**DATASET SECTION**

§

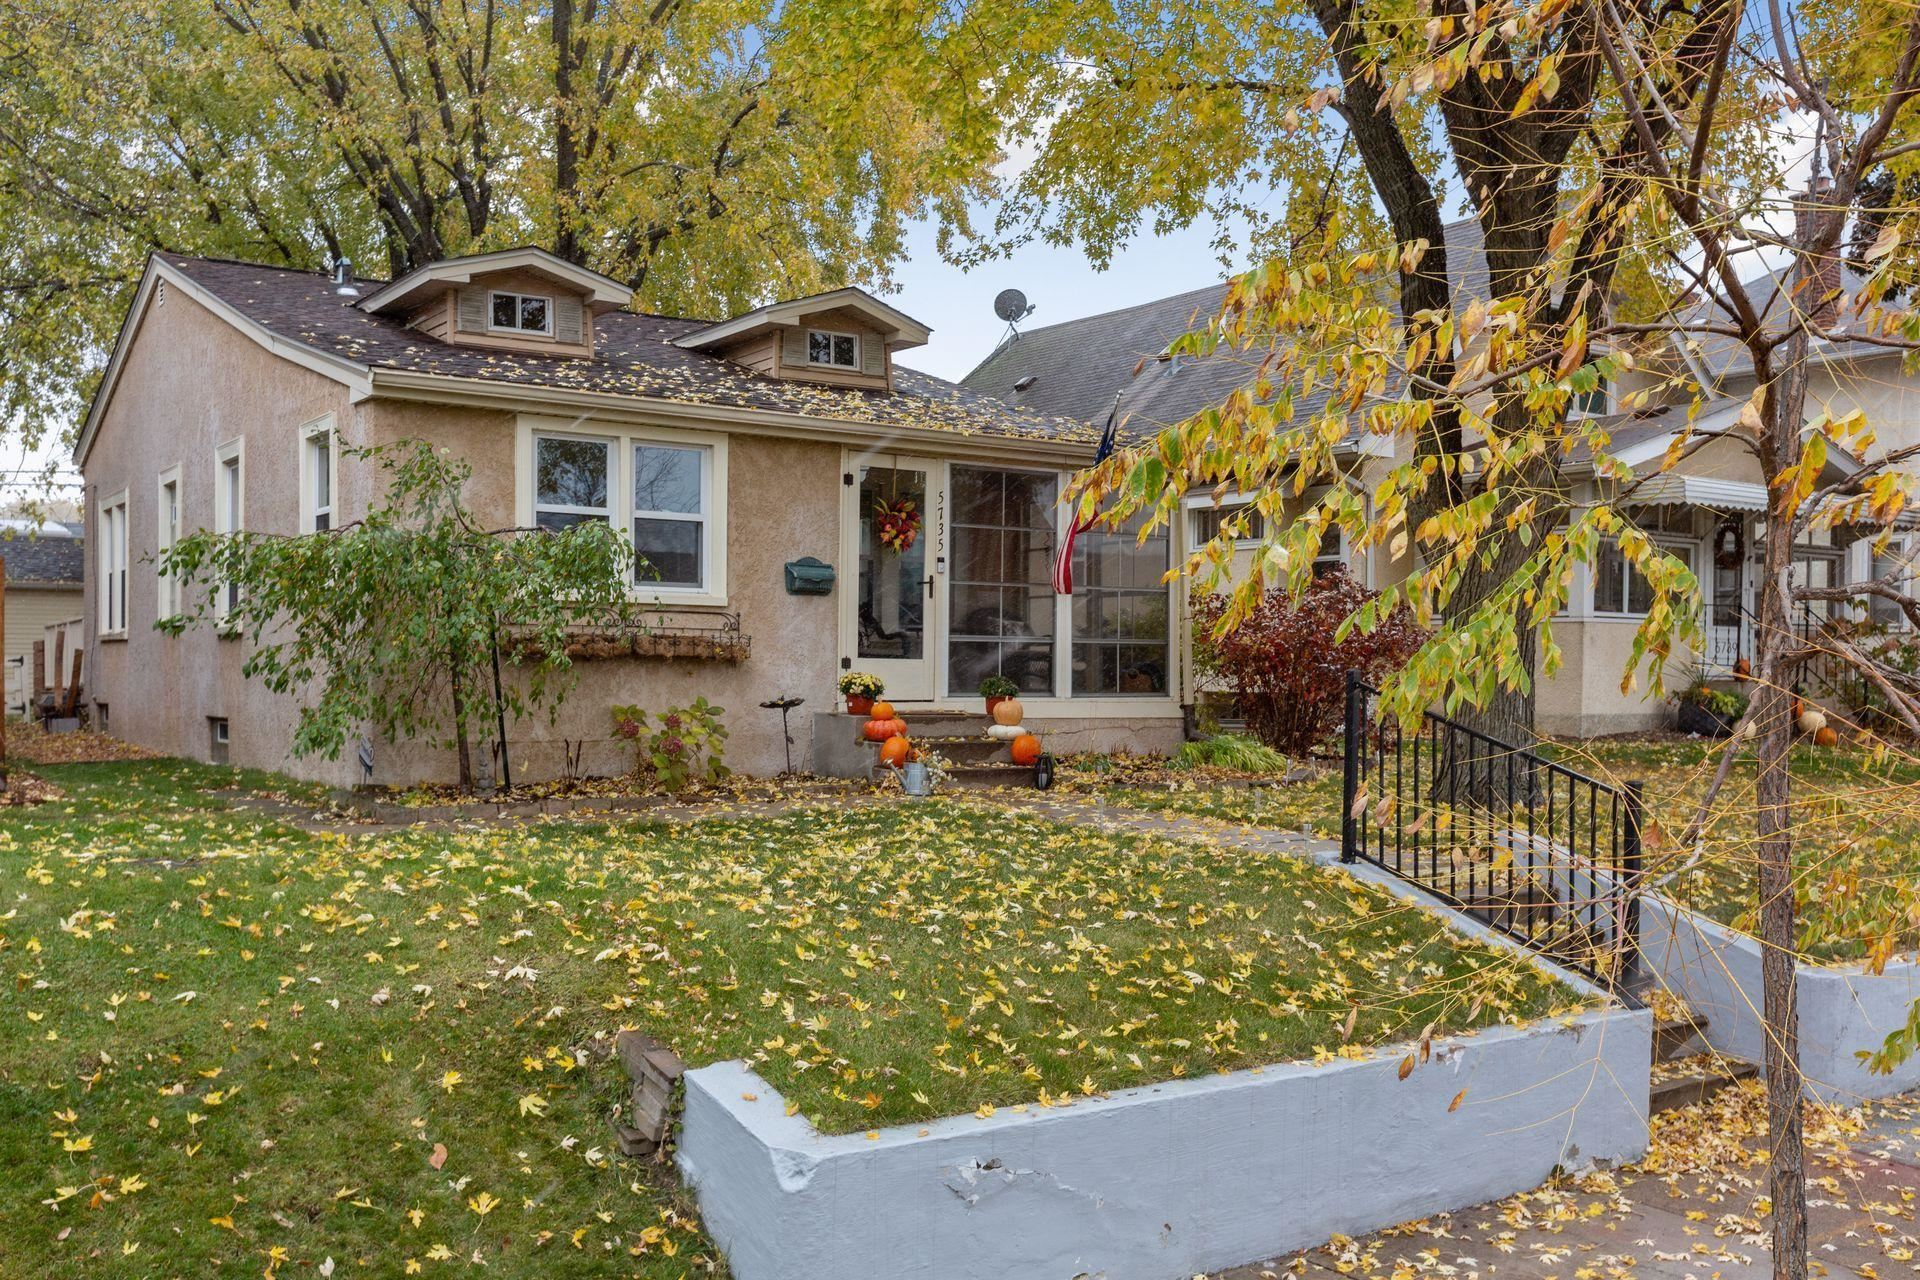 Photo of 5735 Garfield Avenue, Minneapolis, MN 55419 (MLS # 6028346)
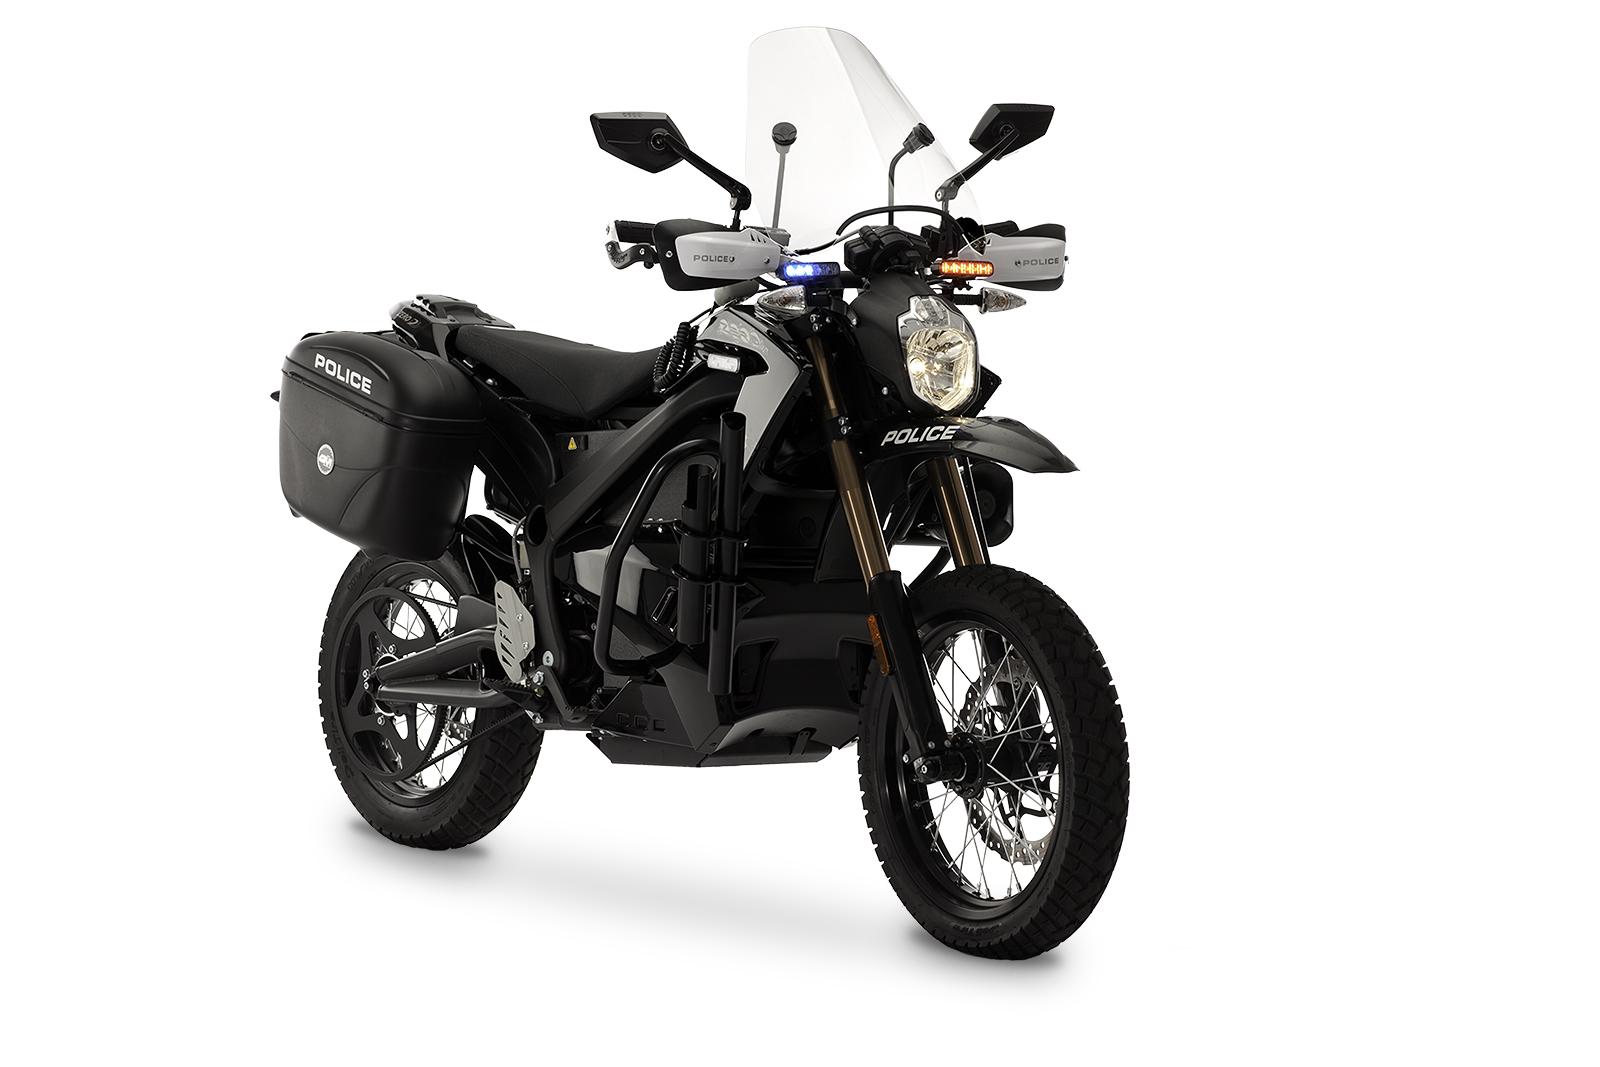 2012 Zero DS Police Motorcycles: Angle Left
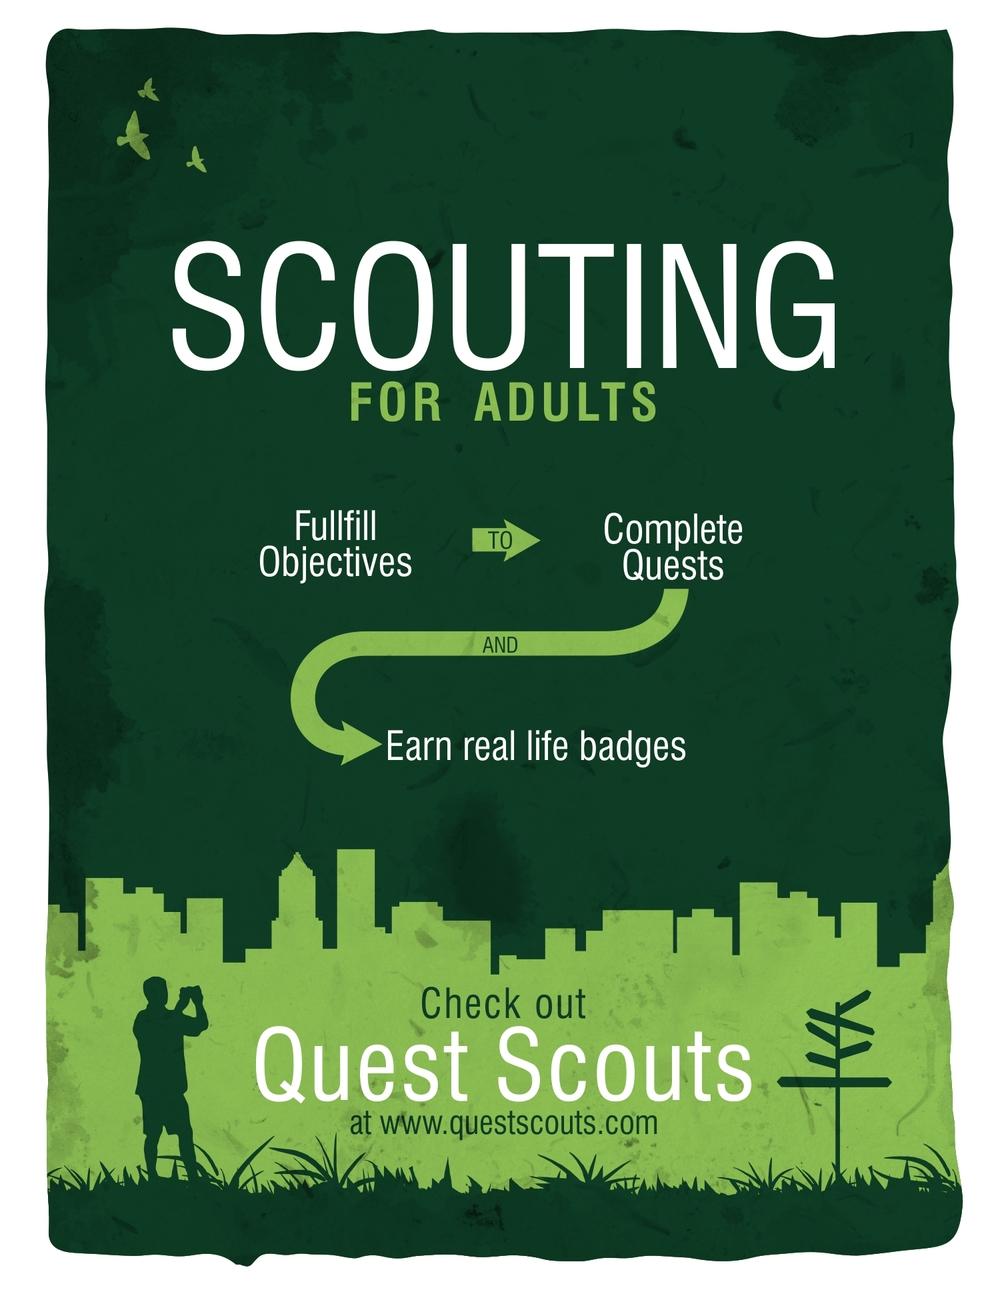 QuestScoutsDiagram.jpg
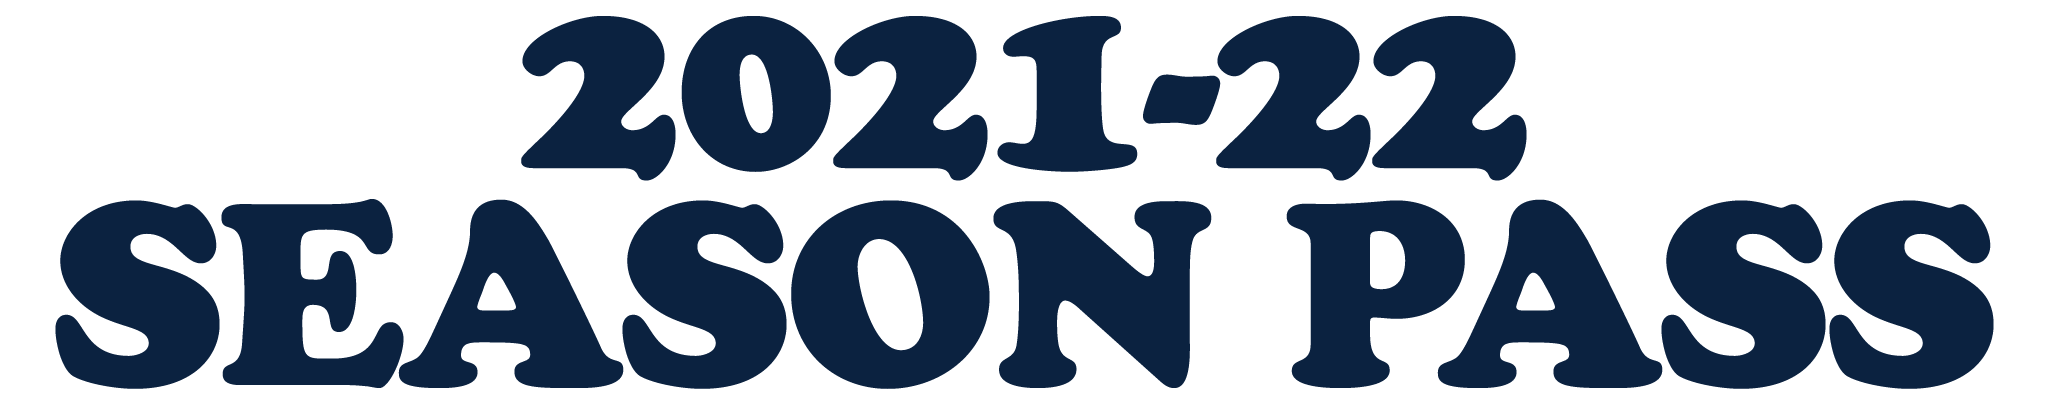 2021-22 Season Pass

§

**PROBLEM DETAILS**
What you return must match the material above exactly, minus its pictures.

**SOLUTION TO THIS EXERCISE**
 Photo of 5735 Garfield Avenue, Minneapolis, MN 55419 (MLS # 6028346)
 2012 Zero DS Police Motorcycles: Angle Left
 QuestScoutsDiagram.jpg
 2021-22 Season Pass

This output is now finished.